Every line below from the one containing "Samsung E2370 Xcover" through the one containing "Надстійка фарба гумова" must be transcribed exactly. Omit all lines outside that stretch.

+++ Dataset

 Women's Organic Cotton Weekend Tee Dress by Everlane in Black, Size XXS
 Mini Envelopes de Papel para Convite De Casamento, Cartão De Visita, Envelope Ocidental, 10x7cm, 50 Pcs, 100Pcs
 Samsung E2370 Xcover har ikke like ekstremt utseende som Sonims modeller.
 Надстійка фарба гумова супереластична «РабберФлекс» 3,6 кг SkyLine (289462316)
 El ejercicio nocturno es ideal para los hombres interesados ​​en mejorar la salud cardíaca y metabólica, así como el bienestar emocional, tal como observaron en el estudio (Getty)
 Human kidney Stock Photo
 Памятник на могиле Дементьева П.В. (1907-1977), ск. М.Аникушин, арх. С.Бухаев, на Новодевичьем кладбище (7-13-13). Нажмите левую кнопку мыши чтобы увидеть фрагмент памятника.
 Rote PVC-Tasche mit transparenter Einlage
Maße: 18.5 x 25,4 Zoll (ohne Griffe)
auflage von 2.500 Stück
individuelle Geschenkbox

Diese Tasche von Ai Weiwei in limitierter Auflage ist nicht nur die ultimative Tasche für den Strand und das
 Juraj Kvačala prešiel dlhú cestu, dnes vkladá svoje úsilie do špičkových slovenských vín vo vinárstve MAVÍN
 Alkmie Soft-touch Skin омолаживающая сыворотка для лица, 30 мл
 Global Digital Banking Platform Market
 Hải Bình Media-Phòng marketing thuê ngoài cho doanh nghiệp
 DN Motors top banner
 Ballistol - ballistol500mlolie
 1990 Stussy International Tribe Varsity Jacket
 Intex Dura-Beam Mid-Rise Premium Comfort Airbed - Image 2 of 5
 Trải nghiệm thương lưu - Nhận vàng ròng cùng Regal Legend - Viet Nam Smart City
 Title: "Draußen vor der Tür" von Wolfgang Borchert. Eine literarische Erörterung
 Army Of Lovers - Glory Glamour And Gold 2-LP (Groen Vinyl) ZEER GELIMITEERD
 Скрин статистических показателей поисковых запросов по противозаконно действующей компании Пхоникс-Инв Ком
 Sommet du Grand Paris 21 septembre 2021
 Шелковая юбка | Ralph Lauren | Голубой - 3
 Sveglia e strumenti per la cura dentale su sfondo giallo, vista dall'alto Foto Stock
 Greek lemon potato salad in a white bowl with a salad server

++++++

### Result of this exercise
 Samsung E2370 Xcover har ikke like ekstremt utseende som Sonims modeller.
 Надстійка фарба гумова супереластична «РабберФлекс» 3,6 кг SkyLine (289462316)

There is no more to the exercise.